Disk Space Management
Monitor disk usage:
- WAL files grow until the next snapshot
- Old snapshots are retained based on
keep_snapshots - Plan for peak WAL size between snapshots
Disk Space Formula:
Peak WAL Size = Write Rate × Snapshot Interval
Total Snapshots = keep_snapshots × Average Snapshot Size
Backup Strategy
For backups:
- Create a manual snapshot:
PRAGMA create_snapshot; - Copy the entire database directory while the database is idle
- For hot backups, use filesystem snapshots (ZFS, LVM)

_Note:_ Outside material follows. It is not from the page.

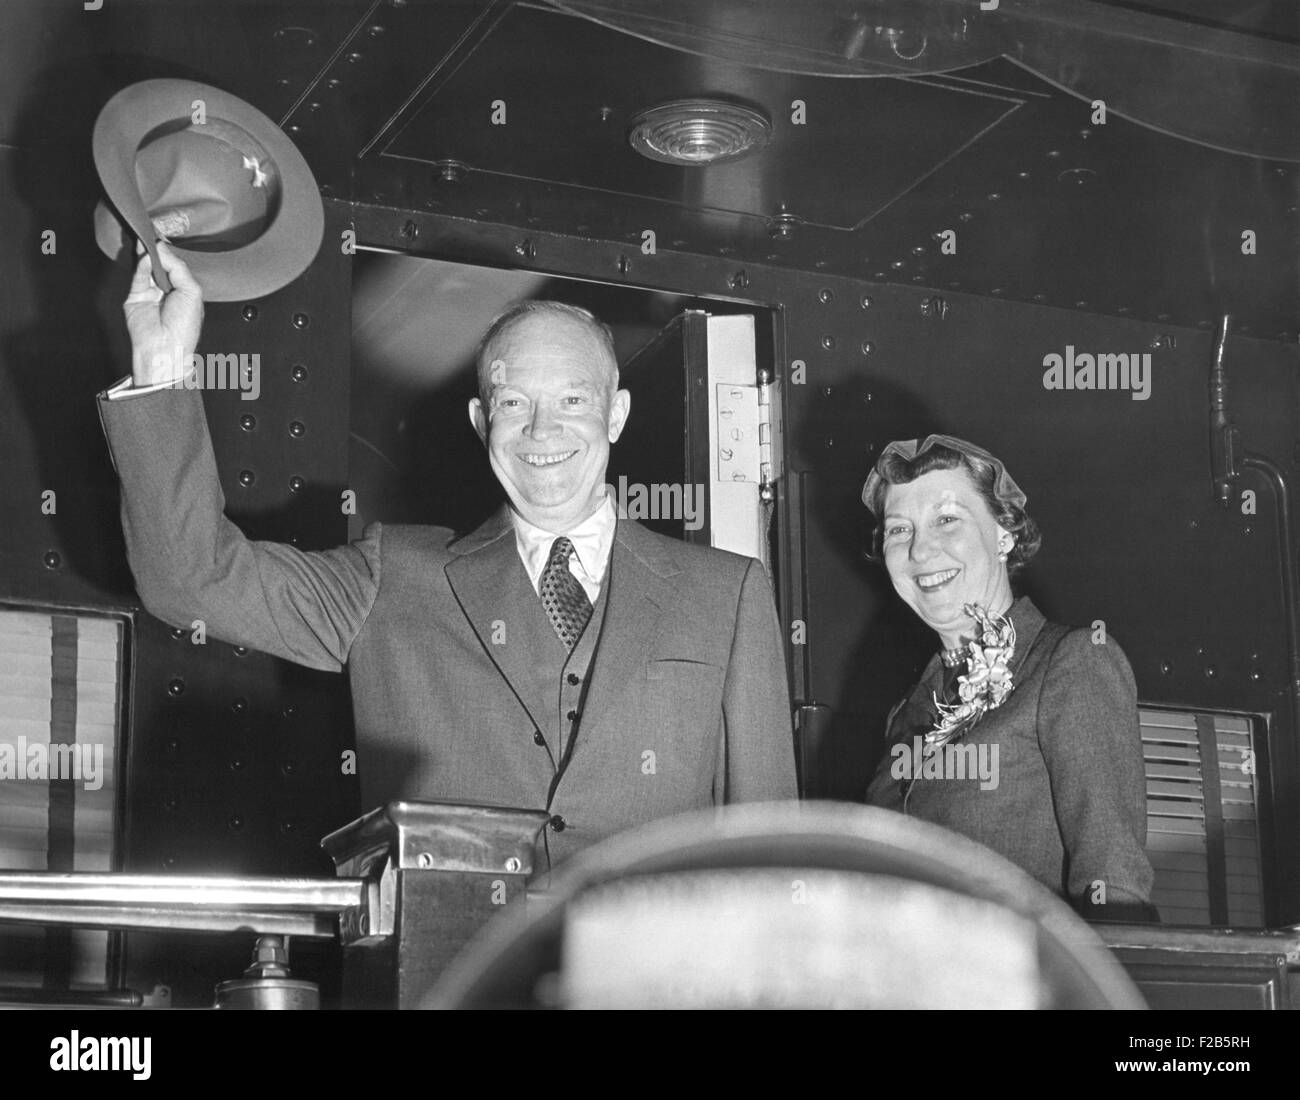 President Eisenhower and wife Mamie wave from the back of a train. Nov. 14, 1953. They were departing for a three day trip to Canada. - (BSLOC 2014 16 77) Stock Photo
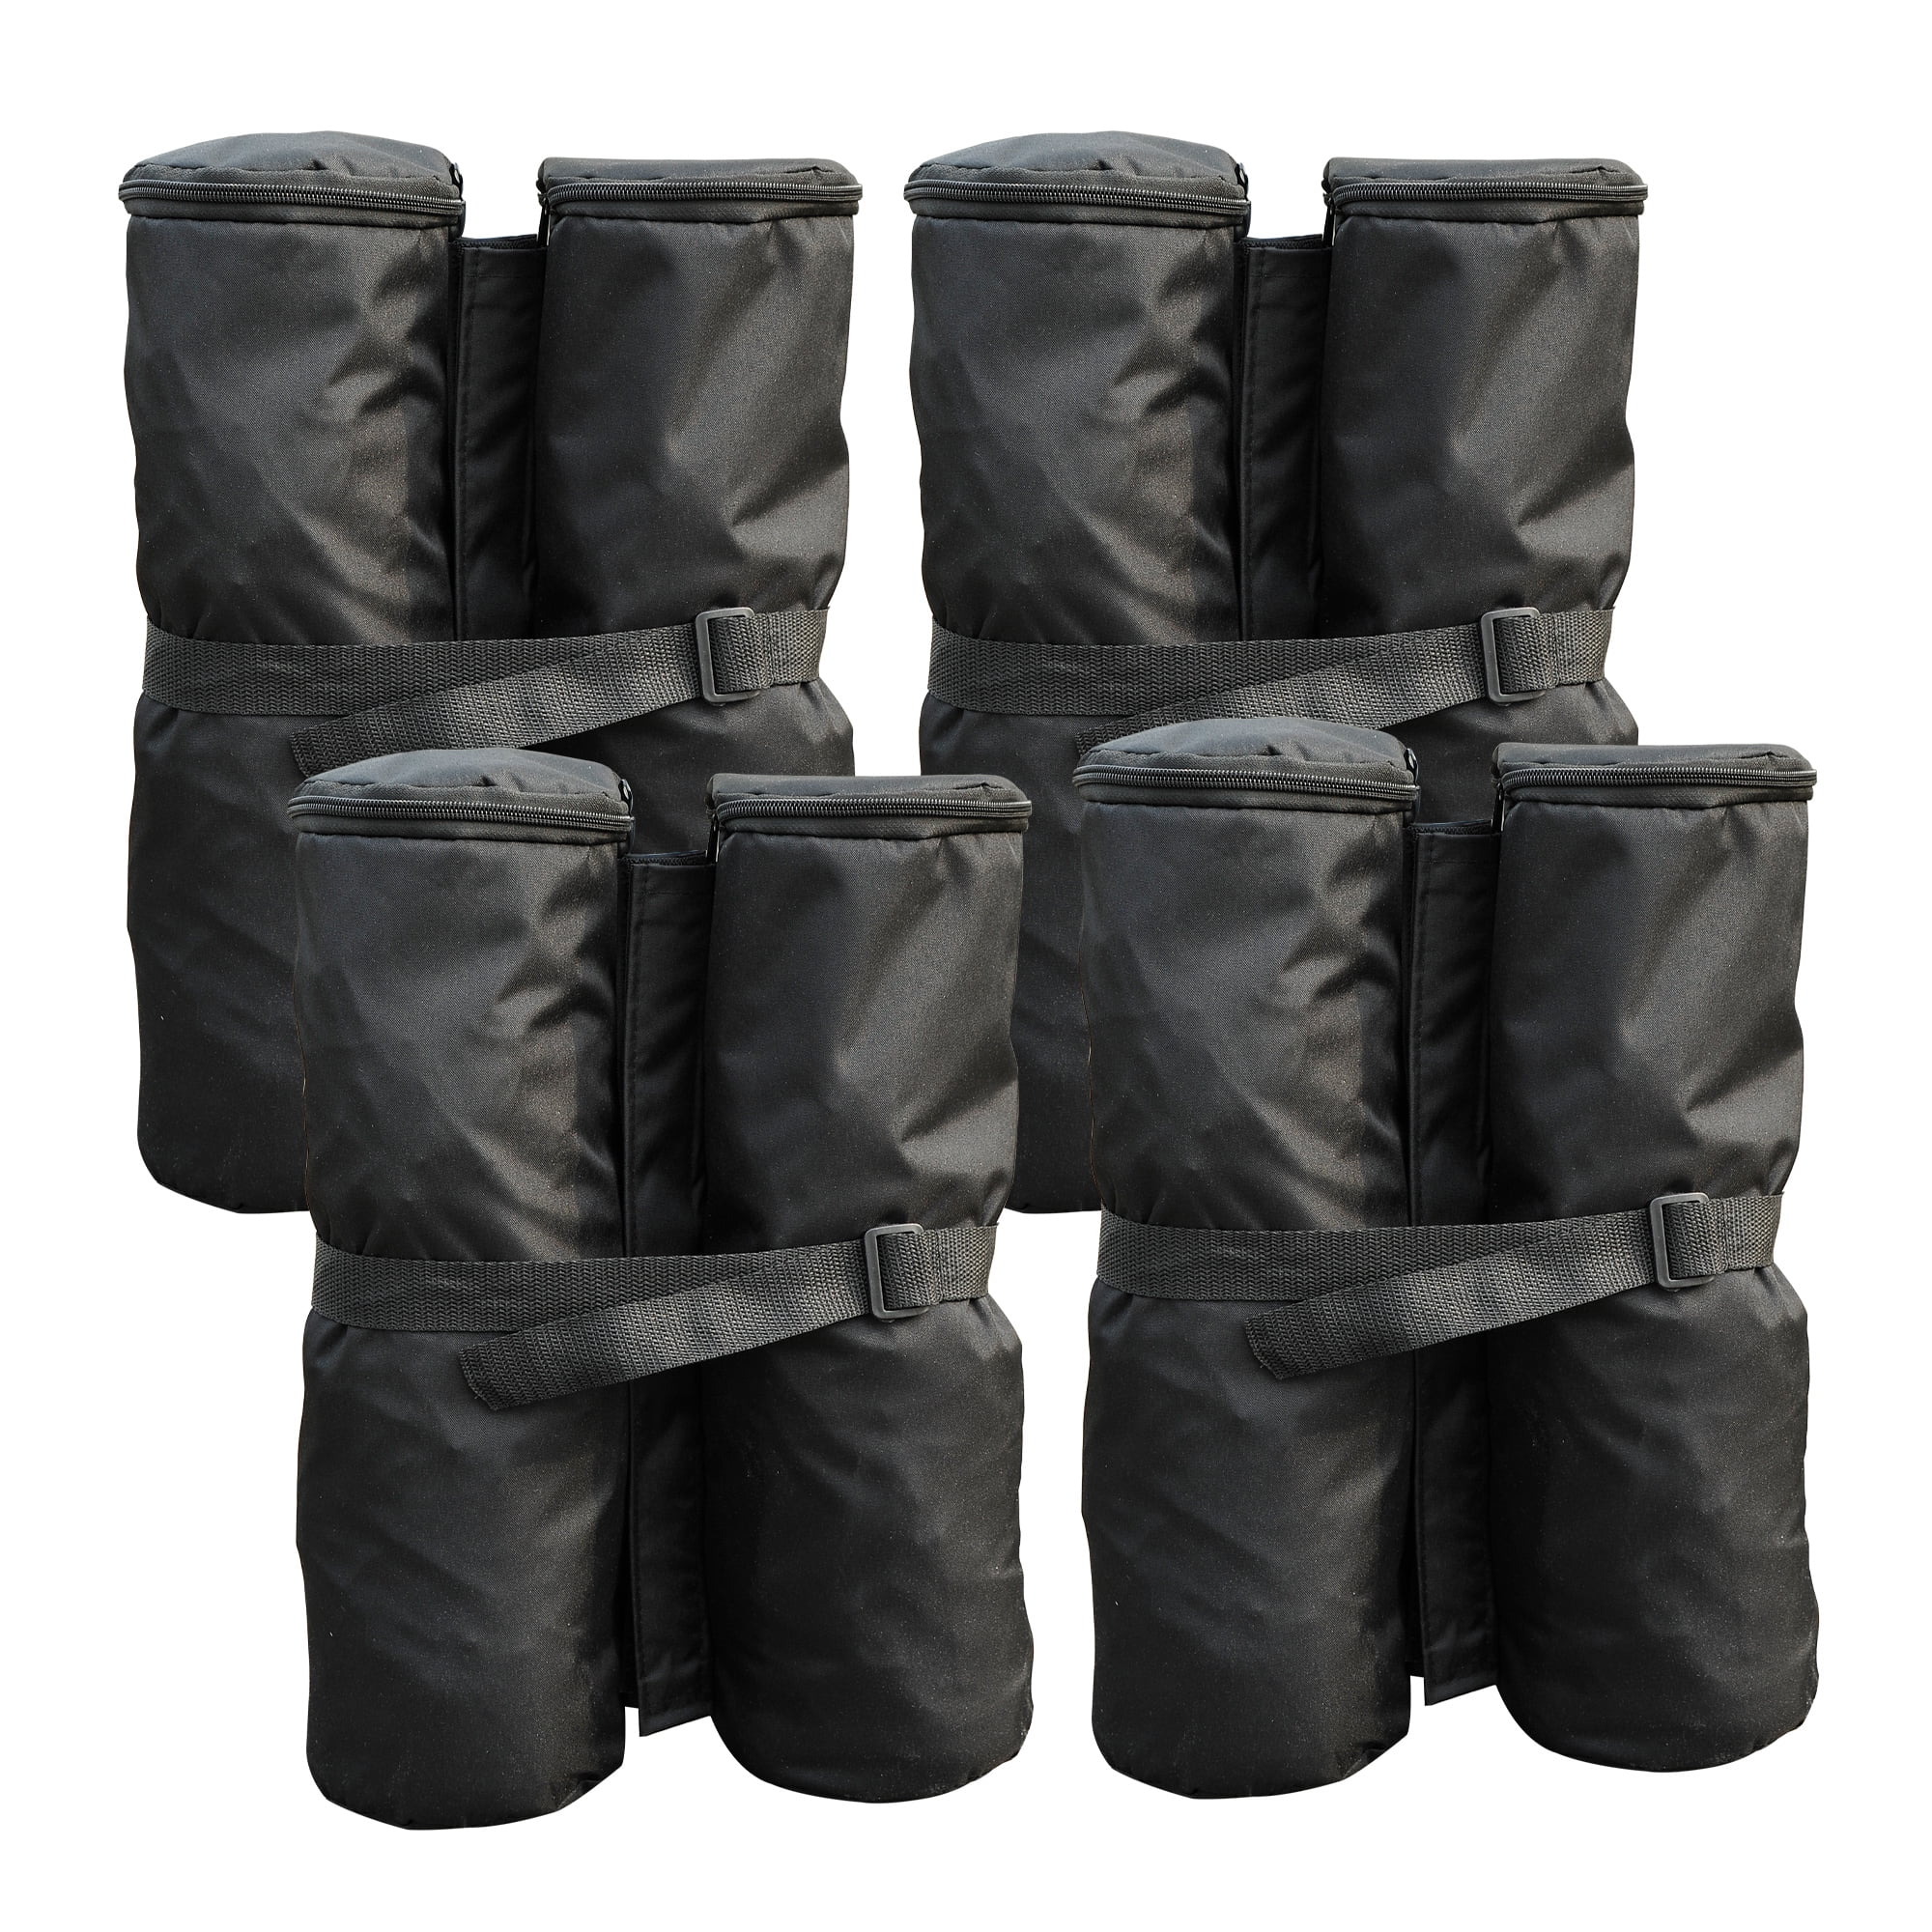 E-Z Up® Deluxe Weight Bags - 4 pack Canopy/Shelter weight bags, 45

Monitoring and Maintenance
Health Checks
-- WAL statistics
PRAGMA wal_stats;
-- Snapshot information
PRAGMA snapshot_info;
-- Recovery status
PRAGMA recovery_status;
Maintenance Tasks
-- Force WAL checkpoint (creates snapshot)
PRAGMA create_snapshot;
-- Clean up old snapshots manually
PRAGMA cleanup_snapshots;
-- Validate database integrity
PRAGMA integrity_check;
Directory Structure
A persistent database creates this directory structure:
/path/to/database/
db.lock # Lock file for single-writer
wal/
wal_NNNNNN.log # WAL segment files
snapshots/
snapshot_TIMESTAMP.bin # Snapshot files
Error Handling
Corrupt WAL
If WAL corruption is detected during recovery:
- Oxibase attempts to recover up to the last valid entry
- Corrupted entries at the end are discarded
- A warning is logged
Disk Full
If disk becomes full:
- WAL writes will fail
- Transactions will be rolled back
- Free disk space before continuing
Lock Contention
Only one process can open a database directory:
- A lock file (
db.lock) prevents concurrent access - If a previous process crashed, the lock is automatically released on open
Example: Complete Configuration
use oxibase::Database;
fn main() -> Result<(), Box<dyn std::error::Error>> {
// Open with custom persistence settings
let db = Database::open(
"file:///var/lib/myapp/data?sync_mode=2&snapshot_interval=120"
)?;
// Fine-tune at runtime
db.execute("PRAGMA wal_flush_trigger = 5000")?;
db.execute("PRAGMA keep_snapshots = 7")?;
// Your application logic...
db.execute("CREATE TABLE events (id INTEGER PRIMARY KEY AUTO_INCREMENT, data JSON)")?;
// Force a snapshot before maintenance
db.execute("PRAGMA create_snapshot")?;
Ok(())
}